ただ、くろの場合、獣医の先生が言うような、「血みどろのモノを吐く」ということには、最後までならなかった。


最初は、黄色い液体を吐いていました。

その後、黄色い液体ではなく、白い泡を吐くようになりました。

そして、何も吐きださないけれど、何かを吐きだそうと嘔吐の症状だけを見せるようになりました。


黄色い液体は胆汁で、白い泡は胃液なのだそう。

獣医師の先生が言うには、胃液を吐く方が、胆汁を吐くよりも、嘔吐の症状としては軽いのだとか・・・


その後、白い泡もあまり吐き出さなくなりましたが、嘔吐の症状はおさまらず。

並行して、食欲は落ちて行きました。


嘔吐の体力消耗と食欲低下で、目に見えて体力が落ちて行ったのが6月終わり頃です。


最後の2日は、自分から飲んだ水さえ、戻していました。


G 下痢

これは膵臓腫瘍が原因、というより、体全体が蝕まれた結果だとは思います。


獣医師の先生には、「下痢の症状が出ると怖い」とは言われていました。

ひどい下痢の症状がはじめて出たのは、旅立つ2日前の7月12日のこと。

その日は、日中と夜中と、2回、下痢しました。


翌日、下痢止めのお薬をもらってすぐに飲ませるも、7月13日-14日の夜中にかけて、下痢。

その後、息を引き取りました。


息を引き取った直接の理由は私にはわかりませんが、下痢による脱水症状と体力低下による衰弱かな、とは思っています。



総じて

くろの膵臓腫瘍は、年明けから徐々に大きくなったものと思われます。

でも、膵臓に異常が生じたサインである嘔吐や血糖値の上昇等の症状がずっと現れず。

現れたのは貧血の症状だけ。


結局、酷い嘔吐が始まったのが6月1日で、もうこのタイミングでは、ほとんど末期に近かったということになります。


くろは、お腹を切り開いたので、膵臓腫瘍がわかりました。

何度も言うようですが、レントゲンには影ひとつ、写らなかった。


開腹手術も、くろがまだ若く、体力があったからできたこと。

もう少し高齢なら、無理だったと思います。

結果、何の病気か分からないまま、命を落とすこととなっていたでしょう。


私が今回感じたのは、犬の膵臓腫瘍は稀であるが故、動物病院の先生は、血液検査等で明確な異常値でも出ない限り、膵臓腫瘍、という可能性自体を考慮に入れないようだ、ということ。
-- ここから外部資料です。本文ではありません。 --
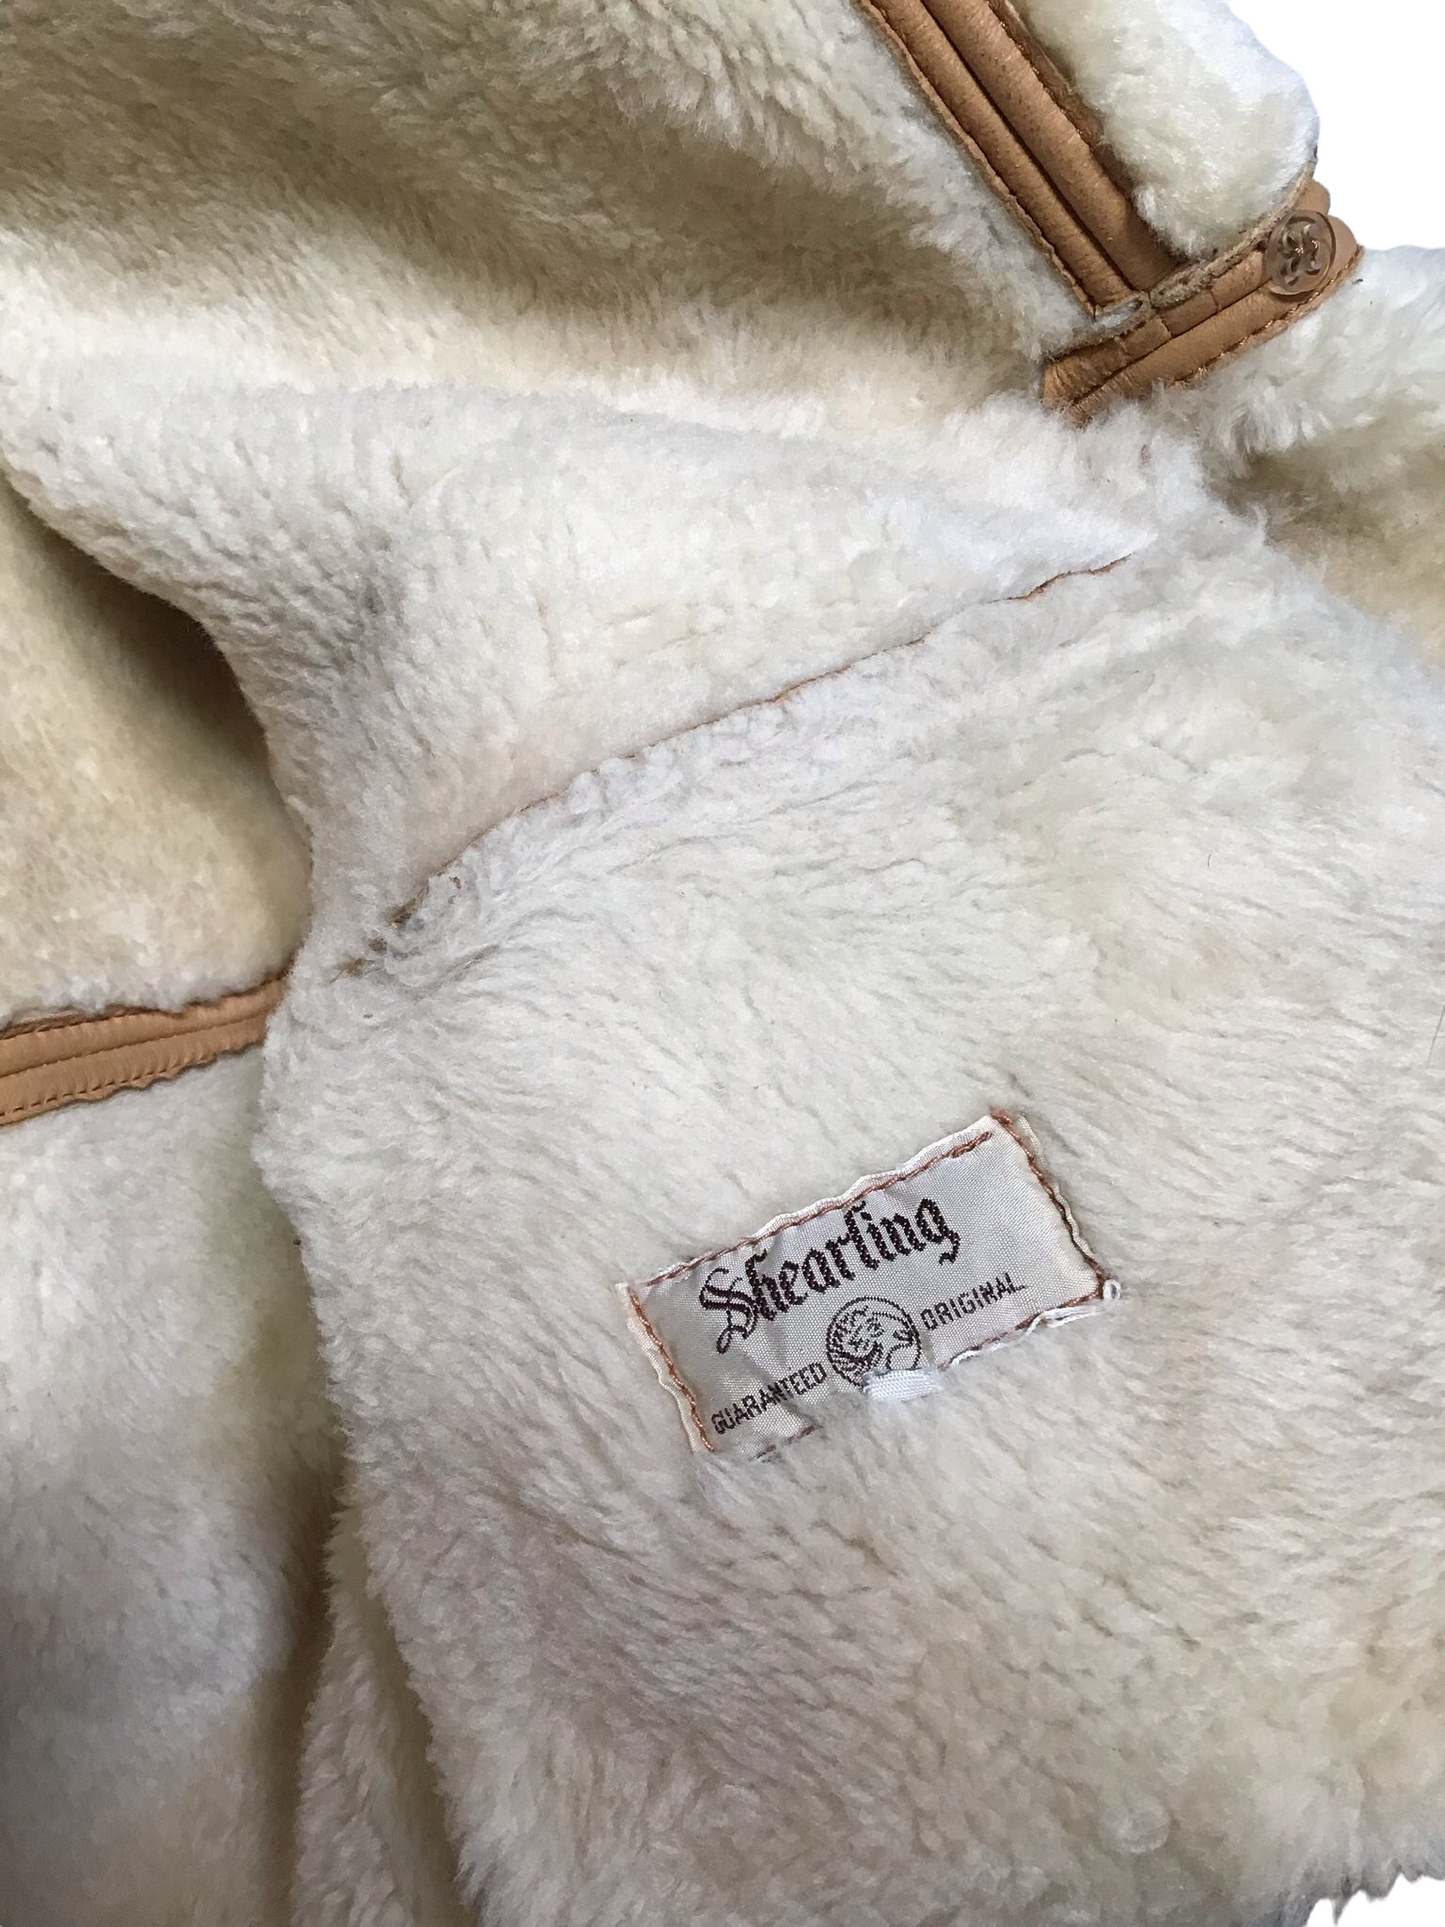 Shearling Flying Jacket (Size XL)

最初から 「ありえない」 と考えているフシがあります。


恐らく、貧血や嘔吐や下痢の症状は、膵臓腫瘍以外の病気でも現れるのだと思います。

でも、レントゲンやエコーや血液検査を精密にしても、どうしても病気の原因がわからないとき、膵臓腫瘍、という可能性を疑ってみることも、原因解明のひとつの方法であるように思います。


膵臓は、体の奥まったところにある臓器です。

表(=血液検査、レントゲン、エコー等)に現れない、ということは、裏(=膵臓)に何かが隠されている、ということではないのか、と、素人考えかもしれませんが、今回、私は痛切に感じました。